- _Activity_:
From the data that follows, set down exactly the lines from the one with "mixer_kaliede_v2.0408.png" through the one with "hermosa jovencita foto", counting both. Pictures stay out.

- _Entries provided_:
....................

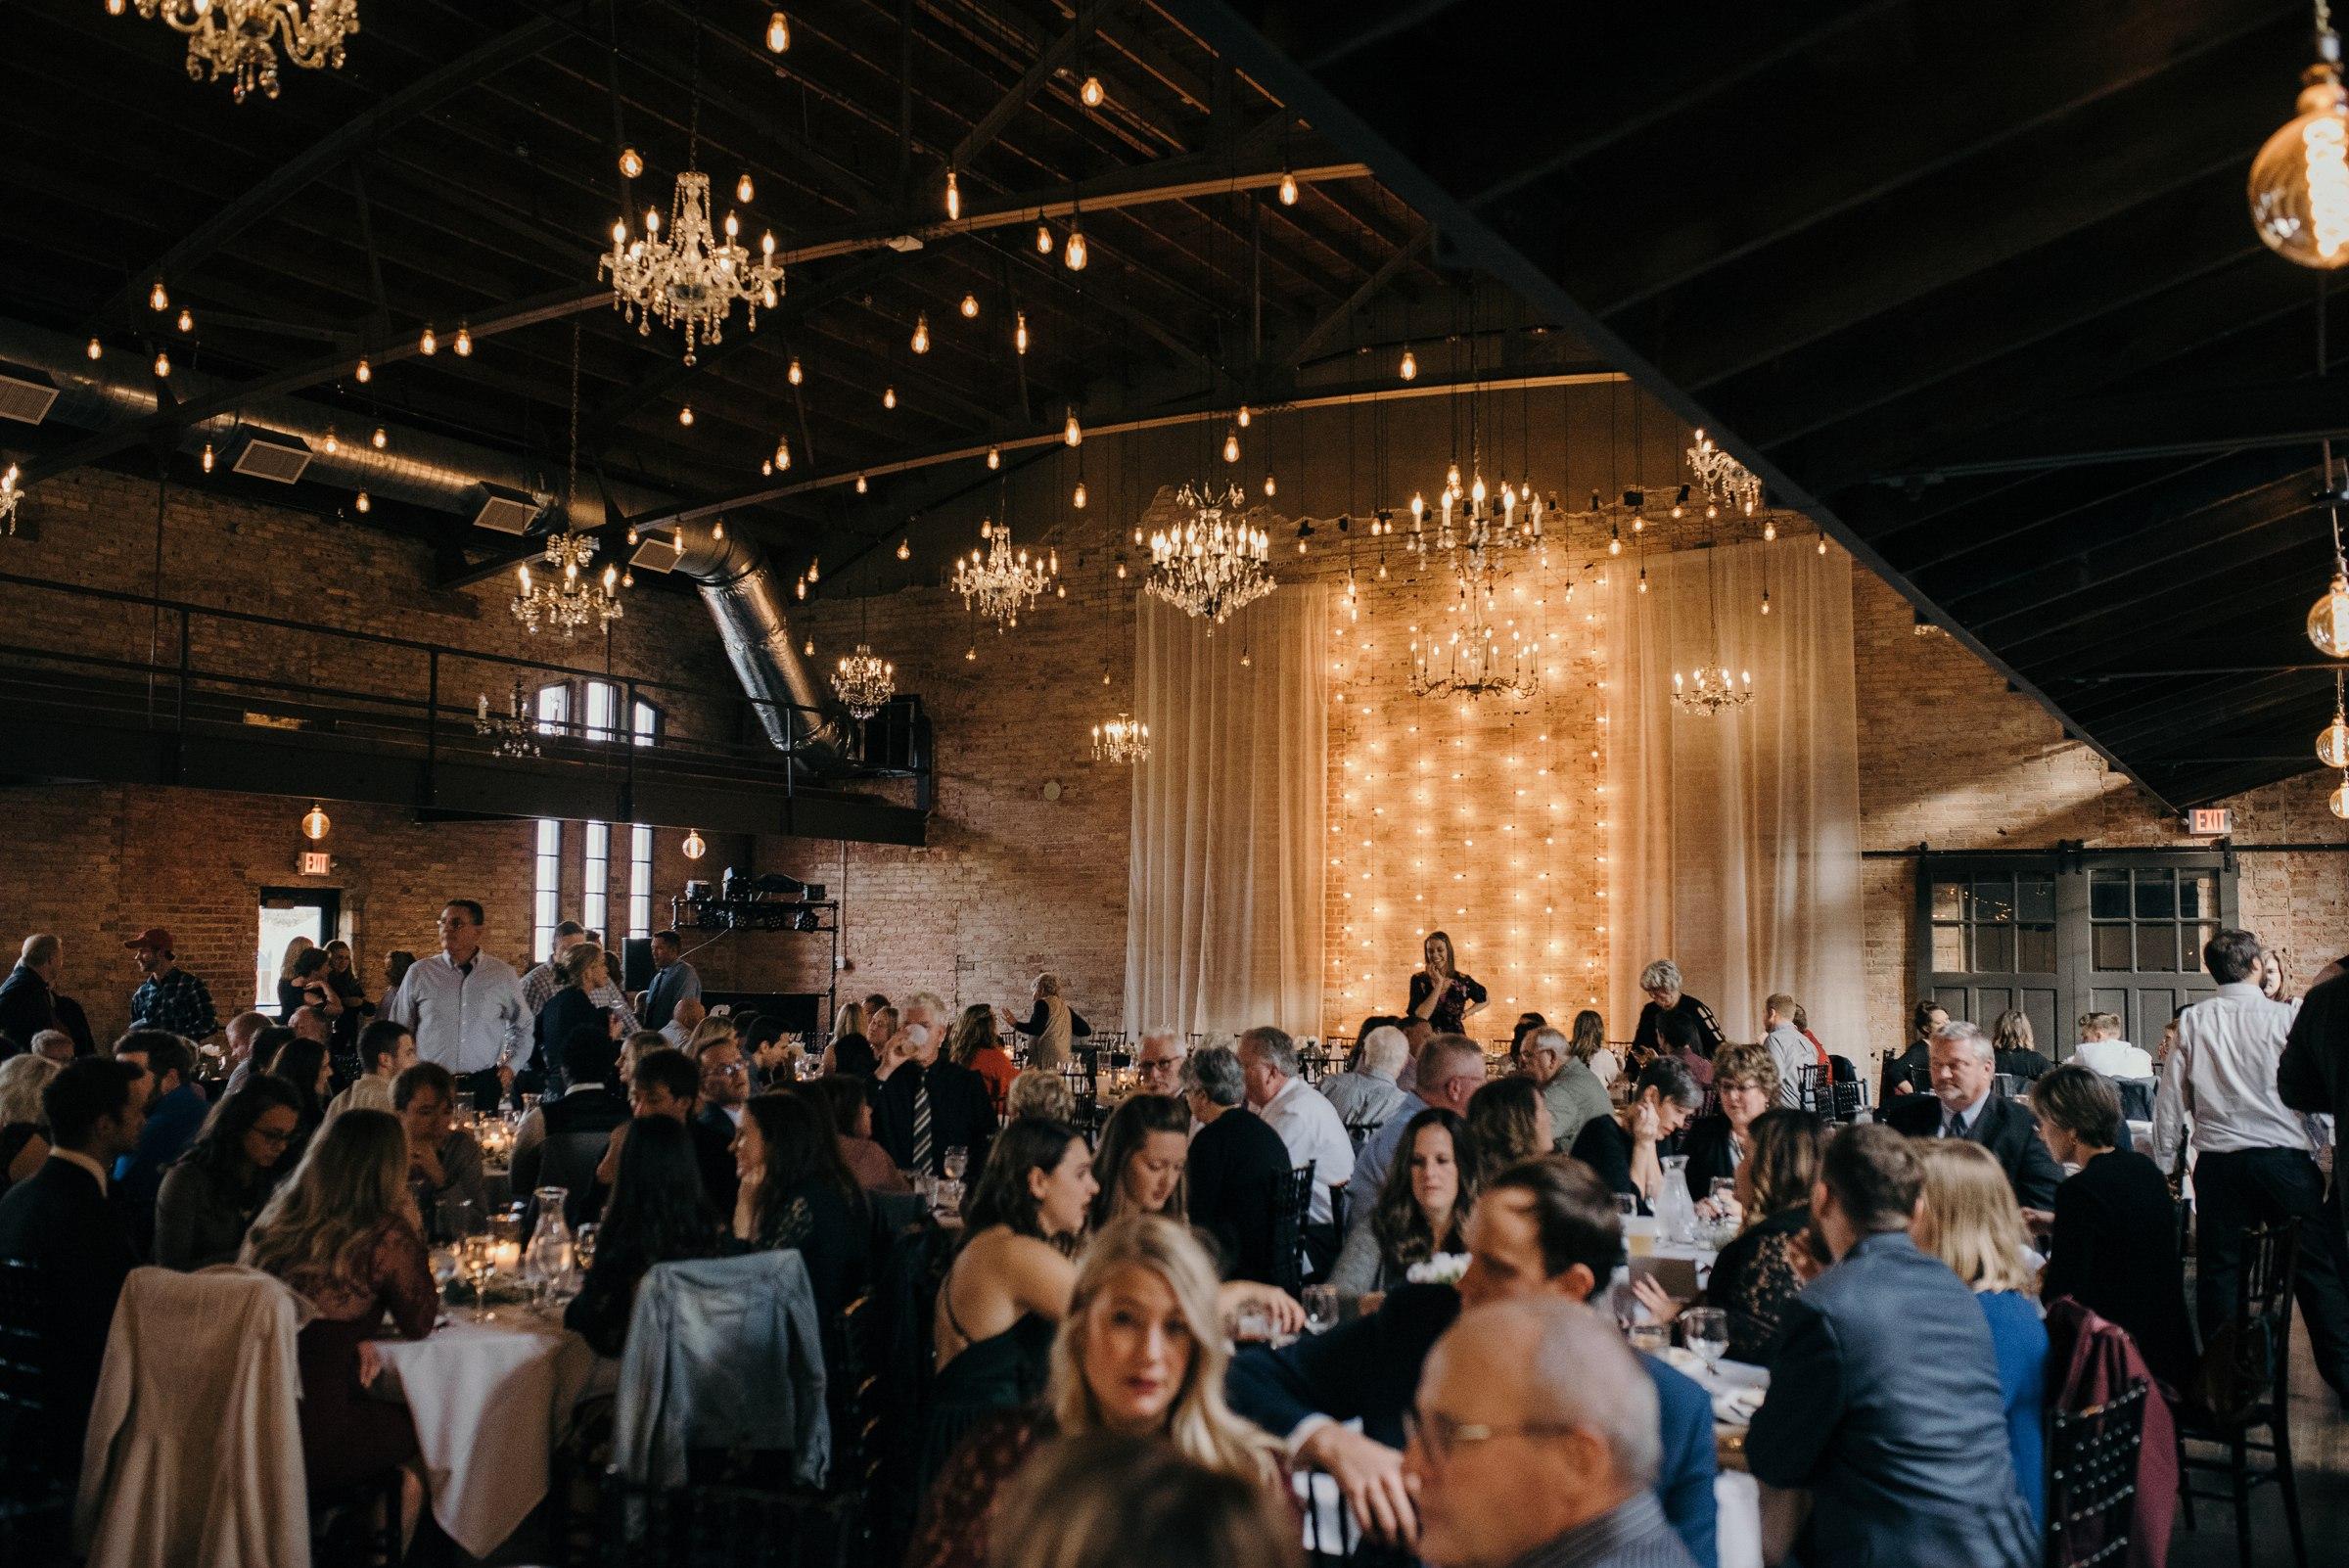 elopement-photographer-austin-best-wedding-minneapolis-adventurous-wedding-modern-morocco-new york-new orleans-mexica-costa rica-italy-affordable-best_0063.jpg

....................

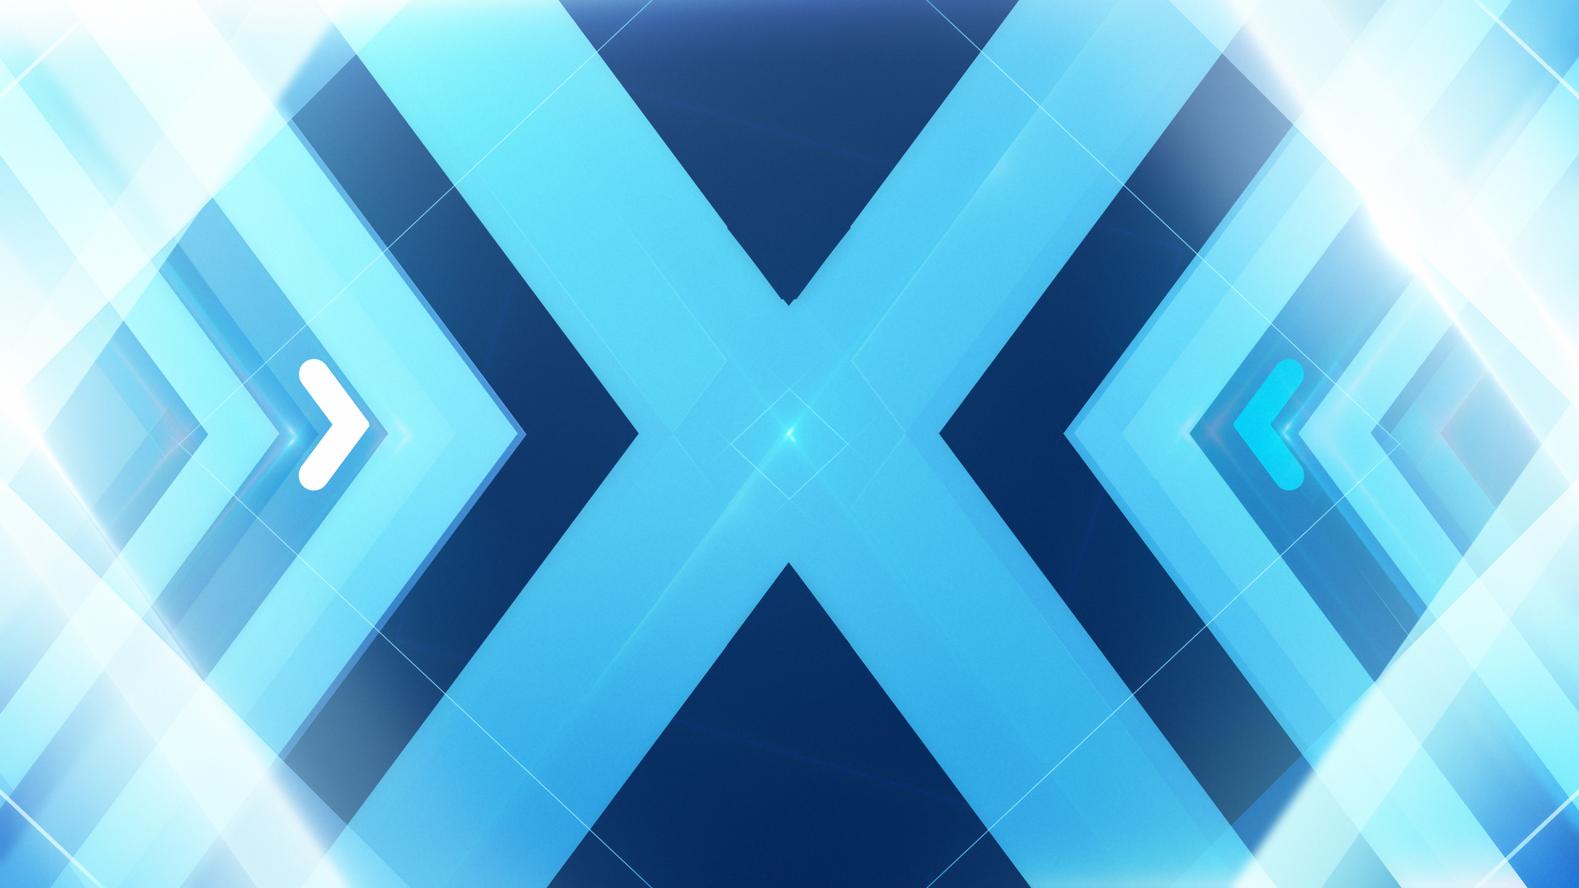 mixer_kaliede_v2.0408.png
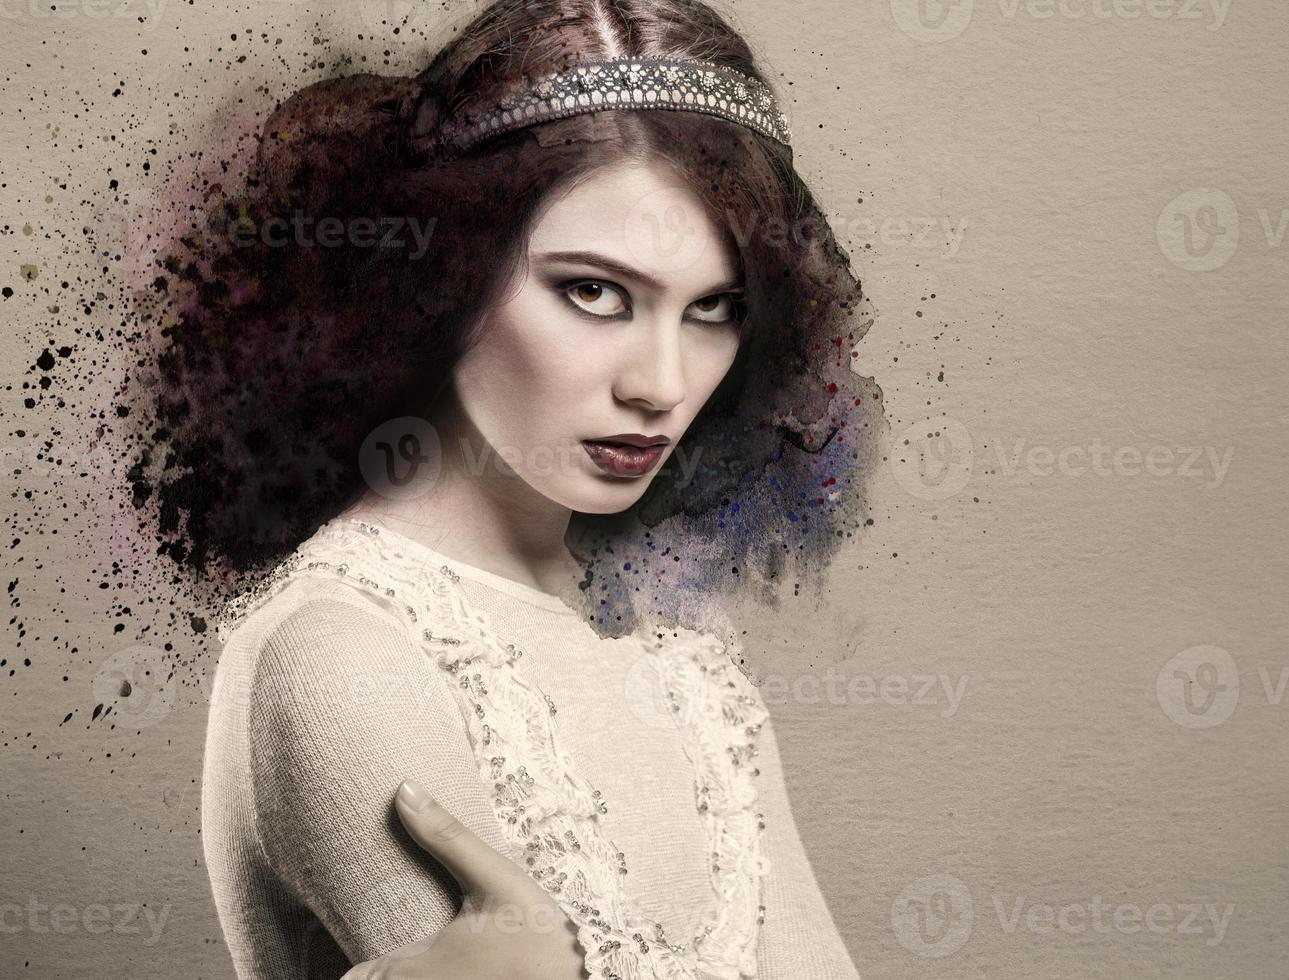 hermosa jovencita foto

....................

- _Output of the exercise_:
 mixer_kaliede_v2.0408.png
 hermosa jovencita foto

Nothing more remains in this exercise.